別府市火災29件、今年急増 昨年の8割、注意喚起強化 [大分県]

 今年に入って、別府市内の火災が急増している。14日現在で29件発生し、2016年一年間の8割に達した。死者も3人で既に昨年を上回った。同市消防本部は「今後も機会あるたびに火災予防を呼び掛ける」と市民への注意喚起を強化する方針だ。

 同本部によると、17年の火災件数(建物、林野、車両など)は1月10件、2月5件、3月5件、4月5件。5月もすでに4件発生。16年は36件、死者1人だった。過去10年間は年30~40件で推移。しかし今年は最も多かった07年(50件)を上回るペースで増加。県内でも1~3月(速報値)は174件発生し、16年同期より59件増えている。

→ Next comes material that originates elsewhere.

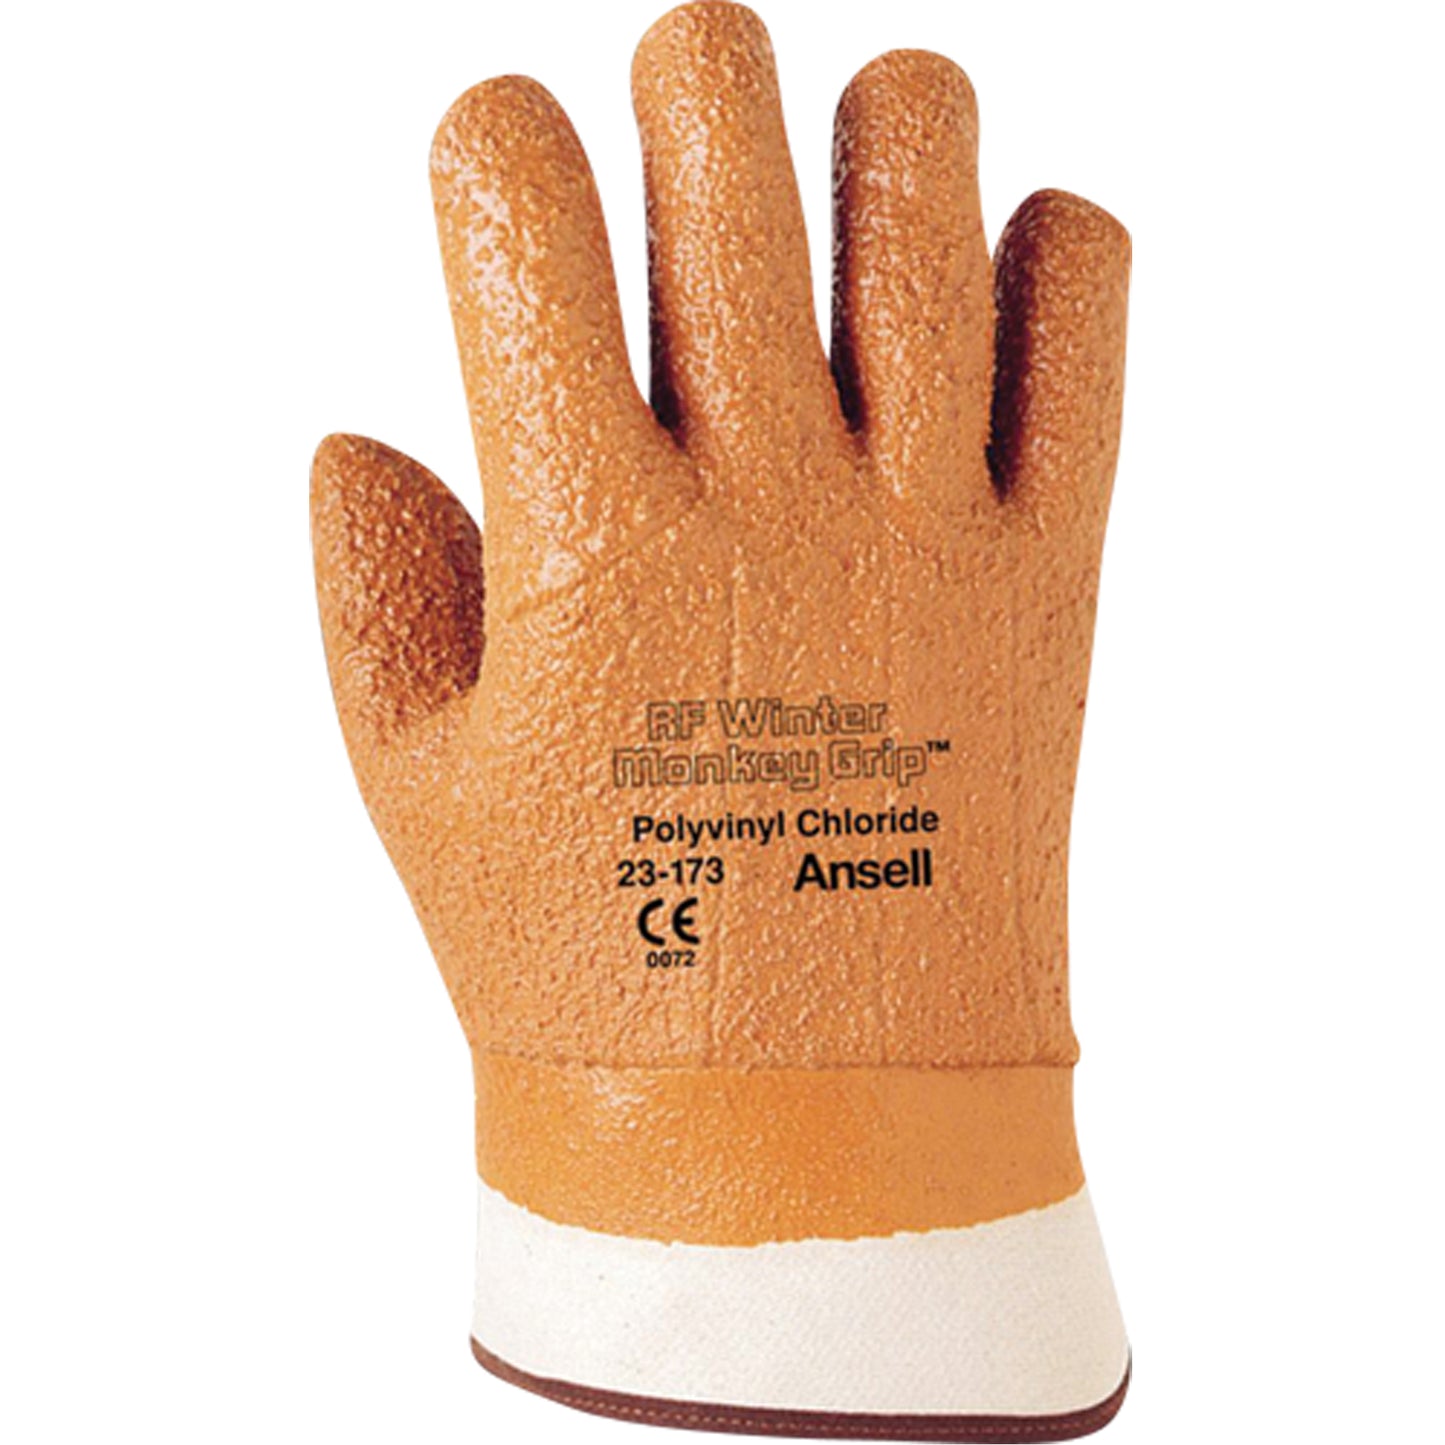 Monkey Grip Winter Gloves SEE953 
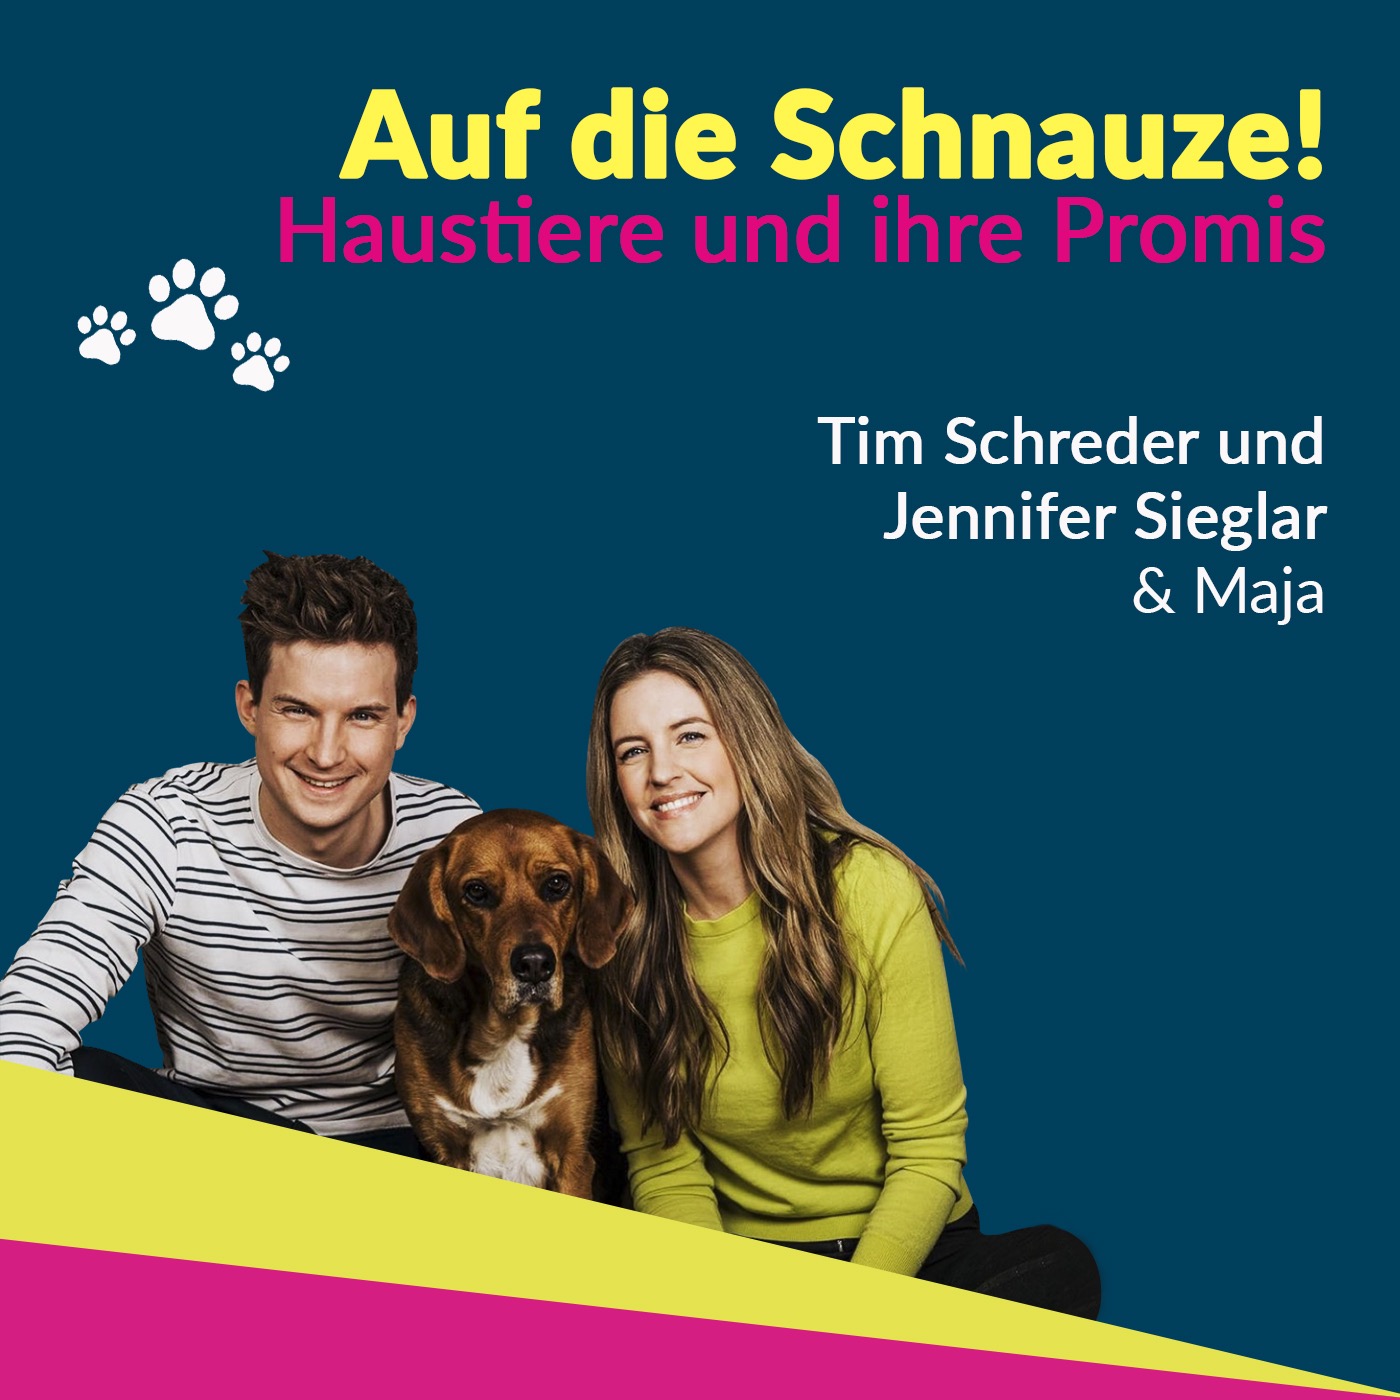 Jennifer Sieglar und Tim Schreder - ein Paar mit Hund!

 今年の市の特徴として、コンセントが出火元になった建物火災が目立つ。周辺にほこりがたまっていたり、1、2月の乾燥期に暖房器具の熱源を高くして利用し、熱を持ちやすい状態だったりしたことが原因ではないかという。

 市内では2月、楠町で7棟が焼け、3人が死亡。4月23日にはライブハウス「ヒットパレードクラブ」が入居した元町の光ビルで火災が起きた。クラブが入る光ビル(4階建て)1~3階の計850平方メートルが焼失。別府の歓楽街を代表するナイトスポットだっただけに、多くのファンから早期再開を望む声が相次いだ。

 火災が多いのは市内は1~3月、全国的には4月ごろまでとされる。同市消防本部警防課の須崎良一課長は「コンセントやこんろ周辺に注意をすることや、消防法で設置が義務化されている住宅用火災警報機の設置など、まず市民一人一人ができることから呼び掛けていきたい」と話している。